● PROBLEM STATEMENT: Give back an exact copy of the lines from the start of the material through the line bearing "RAL 300 50 40". Include both ends and nothing else.

● EXERCISE MATERIAL:
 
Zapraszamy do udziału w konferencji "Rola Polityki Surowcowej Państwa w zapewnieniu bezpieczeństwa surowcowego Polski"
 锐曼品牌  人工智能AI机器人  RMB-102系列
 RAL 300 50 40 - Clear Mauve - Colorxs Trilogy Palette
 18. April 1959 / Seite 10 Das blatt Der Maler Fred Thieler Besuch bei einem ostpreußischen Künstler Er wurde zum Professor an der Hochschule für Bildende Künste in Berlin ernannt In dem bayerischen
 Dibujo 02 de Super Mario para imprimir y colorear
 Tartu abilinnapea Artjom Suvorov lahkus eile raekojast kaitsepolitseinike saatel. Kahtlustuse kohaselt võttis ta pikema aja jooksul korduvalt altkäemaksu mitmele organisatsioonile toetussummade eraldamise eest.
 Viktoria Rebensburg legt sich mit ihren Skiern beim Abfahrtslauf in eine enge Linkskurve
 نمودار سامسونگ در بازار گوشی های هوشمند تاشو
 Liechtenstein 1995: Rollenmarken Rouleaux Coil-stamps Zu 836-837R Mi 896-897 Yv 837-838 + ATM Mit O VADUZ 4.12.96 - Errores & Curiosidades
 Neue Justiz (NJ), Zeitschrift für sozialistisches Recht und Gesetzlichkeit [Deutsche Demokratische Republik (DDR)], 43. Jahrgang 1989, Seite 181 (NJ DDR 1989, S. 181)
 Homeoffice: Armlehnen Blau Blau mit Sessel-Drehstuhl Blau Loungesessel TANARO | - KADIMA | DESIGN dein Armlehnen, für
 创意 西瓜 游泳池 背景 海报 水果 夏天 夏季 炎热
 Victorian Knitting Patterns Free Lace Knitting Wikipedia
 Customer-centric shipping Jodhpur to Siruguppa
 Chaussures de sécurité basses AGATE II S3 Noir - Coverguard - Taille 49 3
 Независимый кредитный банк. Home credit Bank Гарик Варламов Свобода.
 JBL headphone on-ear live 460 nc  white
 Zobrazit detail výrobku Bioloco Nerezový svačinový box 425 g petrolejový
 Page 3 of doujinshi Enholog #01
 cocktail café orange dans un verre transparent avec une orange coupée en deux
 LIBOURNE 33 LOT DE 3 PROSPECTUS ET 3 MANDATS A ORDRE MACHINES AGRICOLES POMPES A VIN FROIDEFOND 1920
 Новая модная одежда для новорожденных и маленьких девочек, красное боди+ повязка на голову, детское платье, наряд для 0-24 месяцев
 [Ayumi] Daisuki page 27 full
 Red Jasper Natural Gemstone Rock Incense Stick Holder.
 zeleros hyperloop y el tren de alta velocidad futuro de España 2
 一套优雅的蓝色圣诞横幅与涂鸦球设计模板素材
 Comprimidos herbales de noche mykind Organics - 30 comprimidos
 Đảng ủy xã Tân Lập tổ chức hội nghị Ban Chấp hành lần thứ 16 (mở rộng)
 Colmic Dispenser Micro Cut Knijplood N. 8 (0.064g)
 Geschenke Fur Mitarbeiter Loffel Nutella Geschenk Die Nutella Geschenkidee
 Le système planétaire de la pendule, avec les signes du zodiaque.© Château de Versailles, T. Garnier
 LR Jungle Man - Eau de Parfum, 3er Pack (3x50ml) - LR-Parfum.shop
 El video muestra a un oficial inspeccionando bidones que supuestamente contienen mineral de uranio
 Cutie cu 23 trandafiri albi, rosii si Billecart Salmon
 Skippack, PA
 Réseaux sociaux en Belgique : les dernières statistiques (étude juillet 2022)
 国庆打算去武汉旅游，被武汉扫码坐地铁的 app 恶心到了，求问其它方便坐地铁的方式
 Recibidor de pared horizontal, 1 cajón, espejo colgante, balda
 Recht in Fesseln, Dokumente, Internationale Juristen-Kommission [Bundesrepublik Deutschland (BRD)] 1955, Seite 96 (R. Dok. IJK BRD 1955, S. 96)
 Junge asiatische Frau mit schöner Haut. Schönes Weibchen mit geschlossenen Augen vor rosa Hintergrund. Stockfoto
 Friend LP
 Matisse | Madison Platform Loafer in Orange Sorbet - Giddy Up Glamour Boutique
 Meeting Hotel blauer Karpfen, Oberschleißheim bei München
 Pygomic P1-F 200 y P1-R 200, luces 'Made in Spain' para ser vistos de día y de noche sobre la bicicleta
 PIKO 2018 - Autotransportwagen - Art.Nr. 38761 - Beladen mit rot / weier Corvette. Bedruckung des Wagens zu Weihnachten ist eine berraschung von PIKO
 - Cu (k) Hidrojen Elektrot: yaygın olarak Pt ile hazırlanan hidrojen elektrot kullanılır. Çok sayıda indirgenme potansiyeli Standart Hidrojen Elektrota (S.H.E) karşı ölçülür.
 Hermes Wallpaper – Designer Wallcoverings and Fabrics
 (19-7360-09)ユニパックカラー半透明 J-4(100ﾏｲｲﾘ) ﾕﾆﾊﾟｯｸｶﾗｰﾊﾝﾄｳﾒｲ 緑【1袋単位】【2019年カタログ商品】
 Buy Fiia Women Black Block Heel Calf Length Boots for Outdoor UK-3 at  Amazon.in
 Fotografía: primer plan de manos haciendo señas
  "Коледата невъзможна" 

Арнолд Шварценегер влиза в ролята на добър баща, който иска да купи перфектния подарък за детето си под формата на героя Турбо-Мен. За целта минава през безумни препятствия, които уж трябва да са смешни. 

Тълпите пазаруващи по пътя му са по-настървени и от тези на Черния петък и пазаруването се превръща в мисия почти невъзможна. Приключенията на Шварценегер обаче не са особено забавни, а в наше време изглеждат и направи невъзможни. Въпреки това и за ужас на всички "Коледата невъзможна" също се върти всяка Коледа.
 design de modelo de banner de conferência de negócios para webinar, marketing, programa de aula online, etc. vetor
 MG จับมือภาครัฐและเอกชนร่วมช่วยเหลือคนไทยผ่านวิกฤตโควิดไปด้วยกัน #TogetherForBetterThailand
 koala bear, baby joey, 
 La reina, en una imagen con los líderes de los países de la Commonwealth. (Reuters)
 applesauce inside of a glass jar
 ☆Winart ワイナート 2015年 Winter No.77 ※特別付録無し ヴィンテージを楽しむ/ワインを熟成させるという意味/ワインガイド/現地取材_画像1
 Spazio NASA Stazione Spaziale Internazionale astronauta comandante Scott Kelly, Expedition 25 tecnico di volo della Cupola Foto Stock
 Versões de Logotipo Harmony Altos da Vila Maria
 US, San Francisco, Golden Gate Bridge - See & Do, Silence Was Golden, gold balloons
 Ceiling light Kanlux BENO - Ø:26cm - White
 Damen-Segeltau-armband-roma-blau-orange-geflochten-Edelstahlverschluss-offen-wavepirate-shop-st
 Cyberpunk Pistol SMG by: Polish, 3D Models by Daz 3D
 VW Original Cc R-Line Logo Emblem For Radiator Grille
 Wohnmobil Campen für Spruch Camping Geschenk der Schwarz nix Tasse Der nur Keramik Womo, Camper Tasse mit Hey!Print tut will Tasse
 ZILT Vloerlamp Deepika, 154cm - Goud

● OUTPUT FOR THIS TASK:
Zapraszamy do udziału w konferencji "Rola Polityki Surowcowej Państwa w zapewnieniu bezpieczeństwa surowcowego Polski"
 锐曼品牌  人工智能AI机器人  RMB-102系列
 RAL 300 50 40 - Clear Mauve - Colorxs Trilogy Palette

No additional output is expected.